Content starts
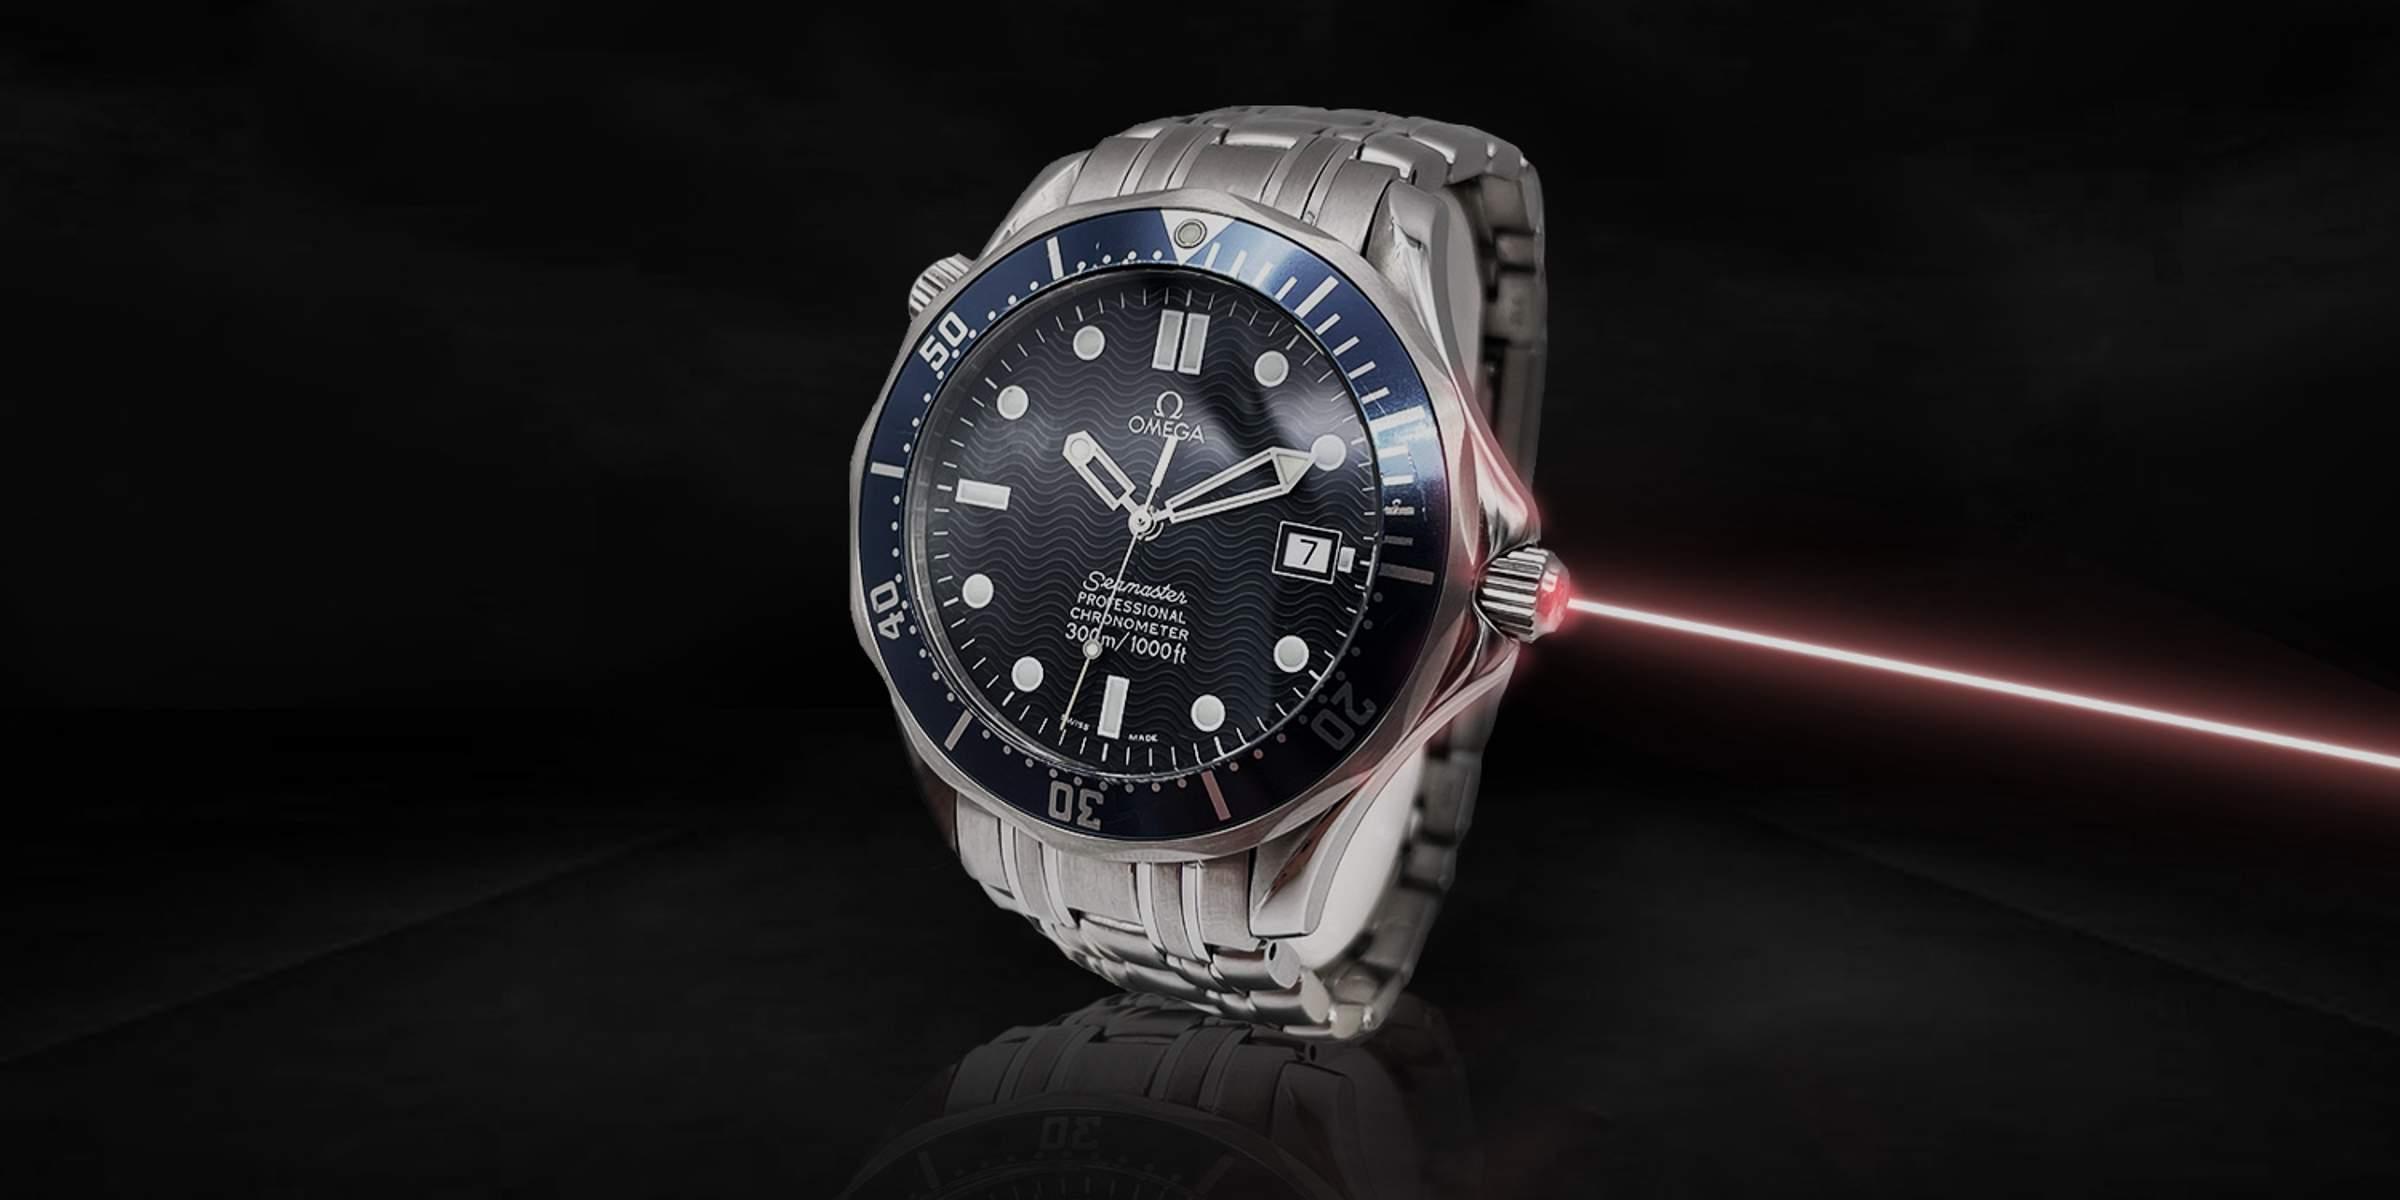 Omega James Bond Watches 2-1
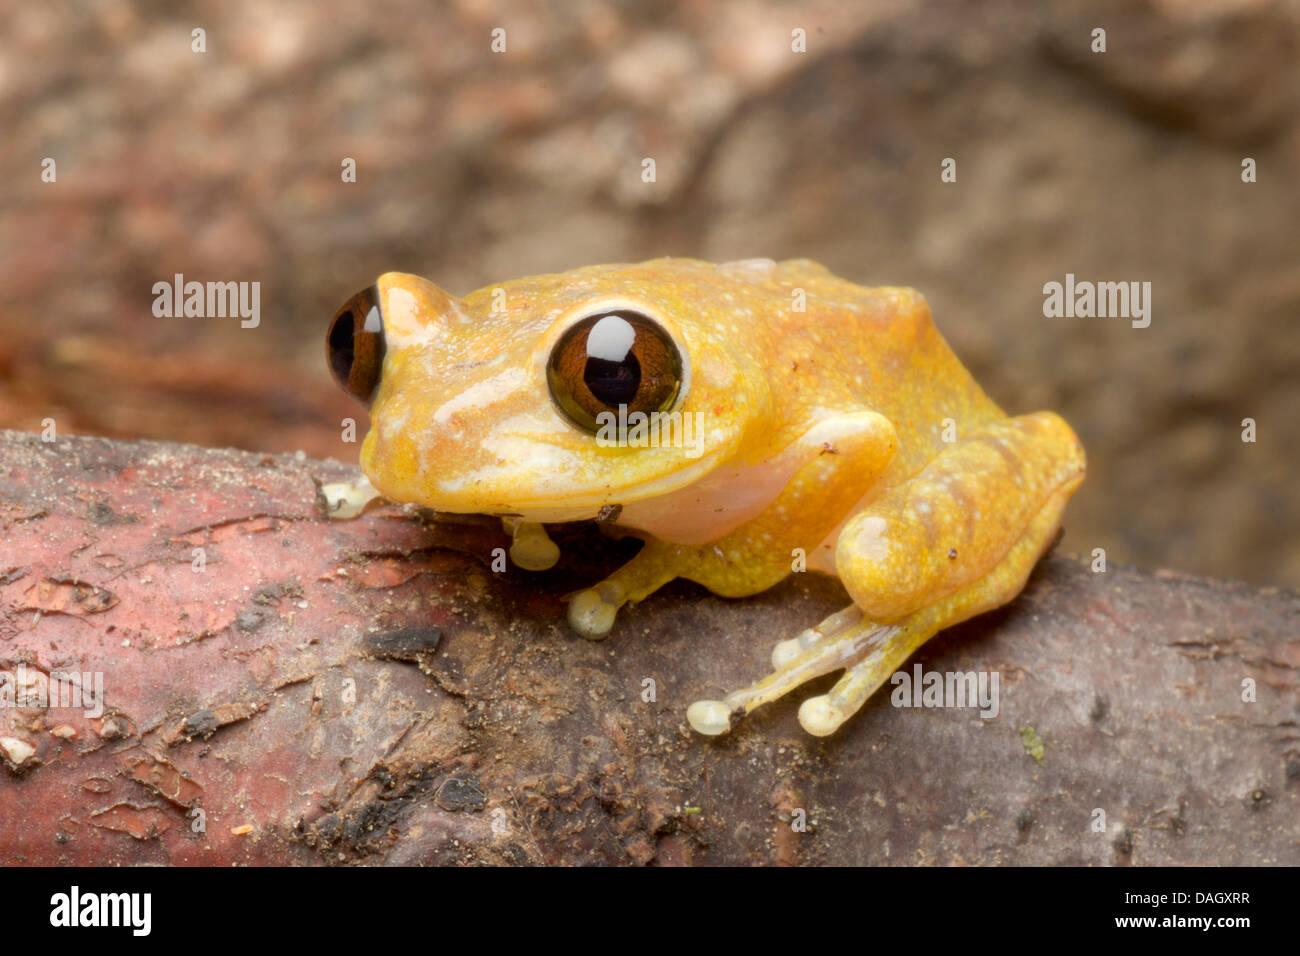 Ruby Eyed Treefrog (Leptopelis uluguruensis), on a branch - Stock Image
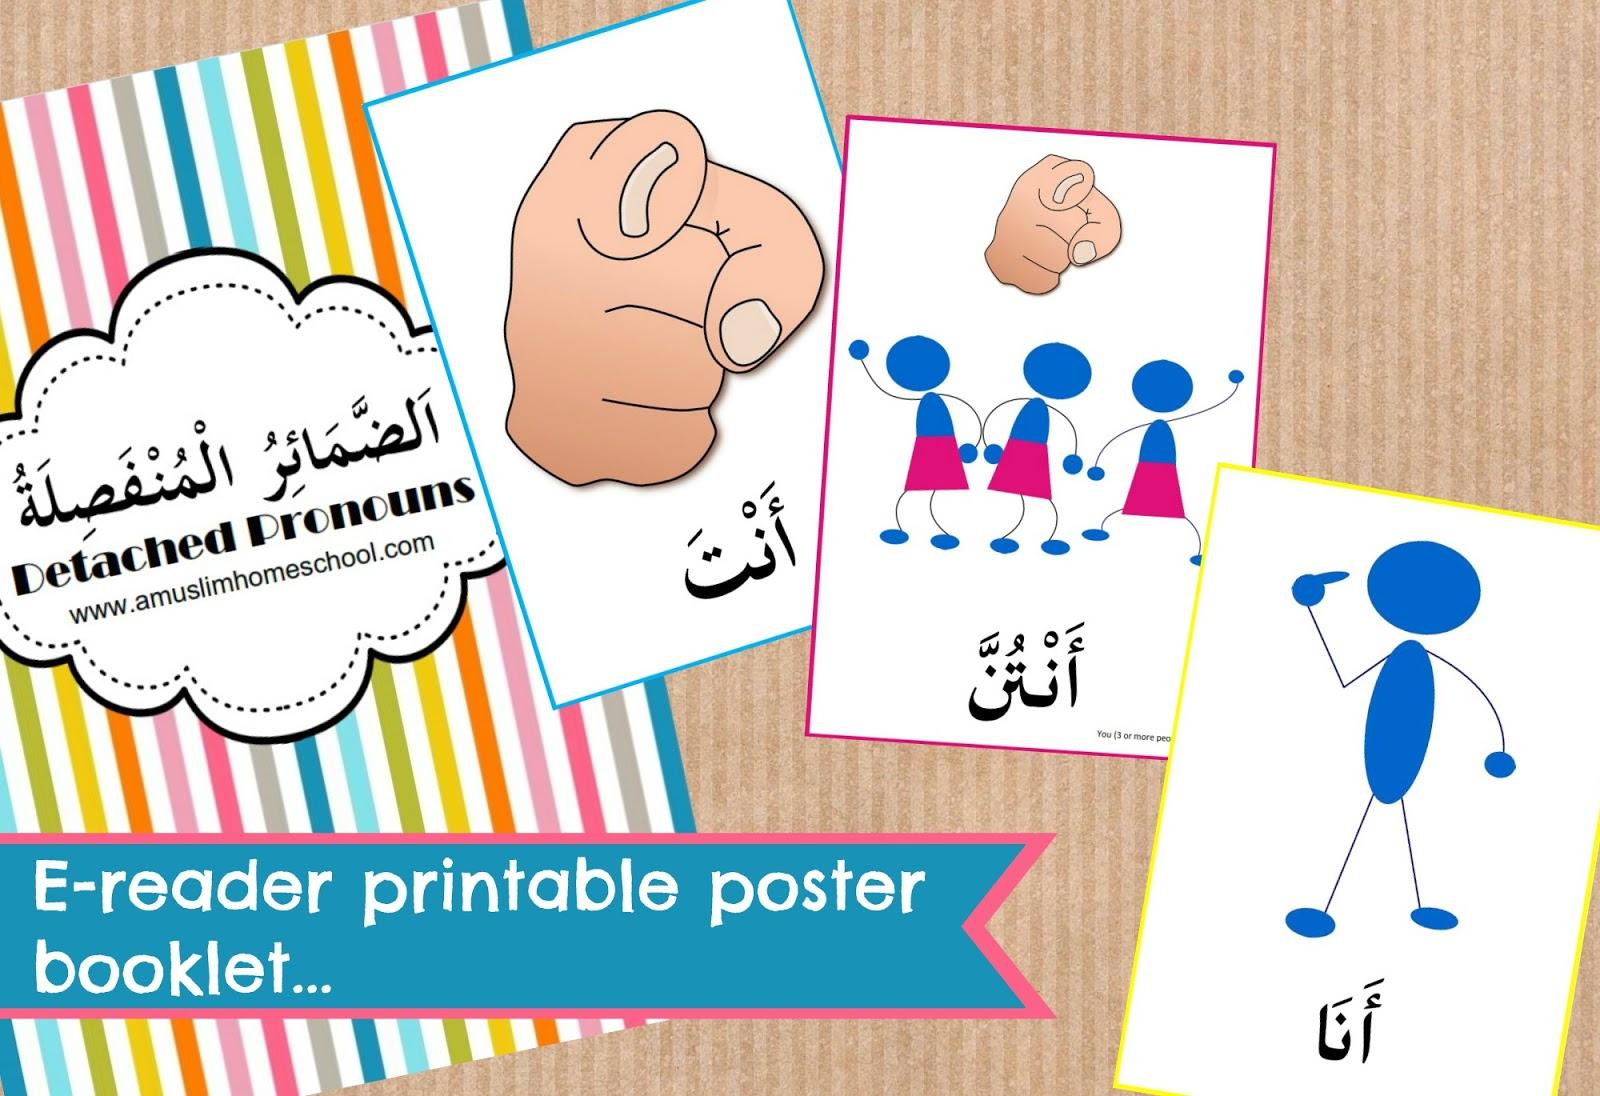 A Muslim Homeschool Arabic Detached Pronouns Poster Book
Content ends
- Your task:
Copy out all the data above exactly, pictures excluded.

- Reply to the exercise:
 Omega James Bond Watches 2-1
 Ruby Eyed Treefrog (Leptopelis uluguruensis), on a branch - Stock Image
 A Muslim Homeschool Arabic Detached Pronouns Poster Book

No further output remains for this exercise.